Acquisition and Use of Commercial RO Data at NOAA

Martin
McHugh
NOAA
Susan Jacobs, NOAA
Kate Becker, NOAA
Vanessa Griffin, NOAA
Doug Whiteley, NOAA
Oral
The Commercial Weather Data Pilot program began in 2016 when the U.S. Congress directed NOAA to study the purchase of commercially available weather data. Responses to market surveys indicated RO data were the most mature of the observations of interest and as a result the first two Pilot studies focused on these measurements. In the first Pilot (2016-2018) sufficient data were not available for a conclusive evaluation, but in the second round (2018-2020) two companies, GeoOptics and Spire Global, both provided sufficient quantities of data.
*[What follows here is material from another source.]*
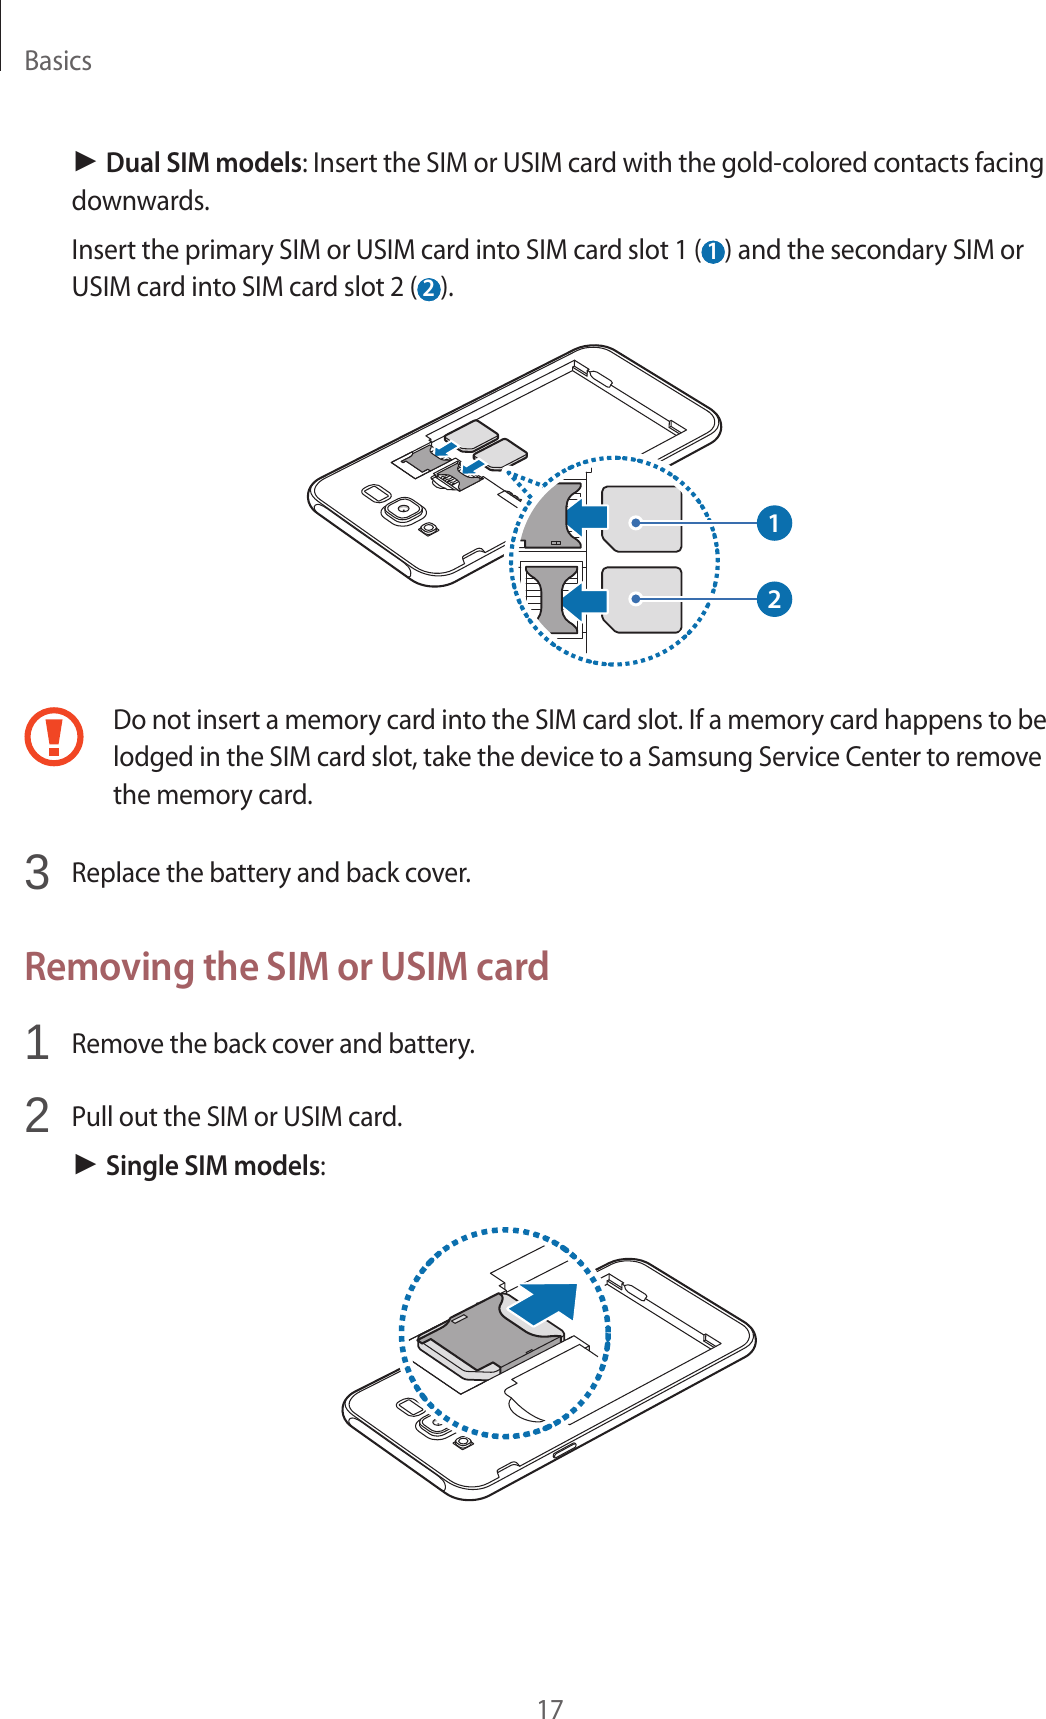 Basics17► Dual SIM models: Insert the SIM or USIM card with the gold-colored contacts facing downwards.Insert the primary SIM or USIM card into SIM card slot 1 ( 1 ) and the secondary SIM or USIM card into SIM card slot 2 ( 2 ).12Do not insert a memory card into the SIM card slot. If a memory card happens to be lodged in the SIM card slot, take the device to a Samsung Service Center to remove the memory card.3  Replace the battery and back cover.Removing the SIM or USIM card1  Remove the back cover and battery.2  Pull out the SIM or USIM card.► Single SIM models:

The commercial RO products were evaluated for consistency, quality, impact on numerical weather prediction systems and usefulness in space weather applications.
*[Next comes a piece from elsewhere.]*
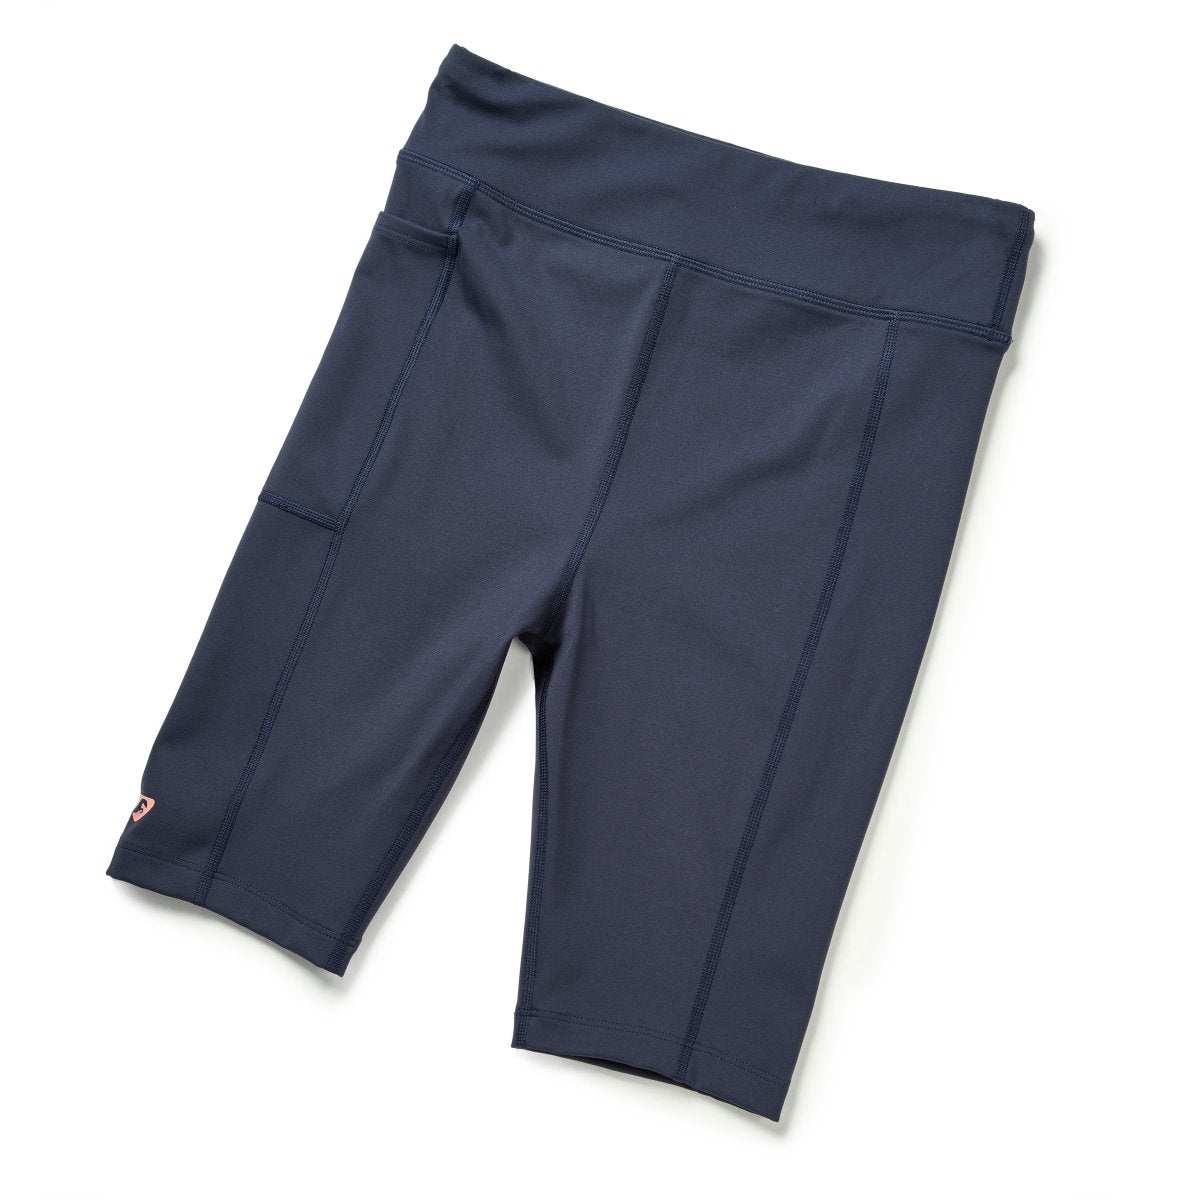 Aubrion Non-Stop Shorts - Young Rider - Navy - 11/12 Yrs

Following this, NOAA awarded both GeoOptics and Spire two-year Indefinite Delivery-Indefinite Quantity contracts. The first purchase under this multi-award contract was for 30-days of low-latency data at a rate of 500 occultations per day from each vendor. This was used to test and tune NOAA’s near-real time ingest, processing, and distribution systems for the commercial data streams. The products generated from these data were evaluated and statistically compared to those from other RO sources. A second delivery order, to acquire 1,300 occultations per day for a six-month period, will begin in March 2021, during which NOAA will begin using the Commercial RO data in its operational models for the first time.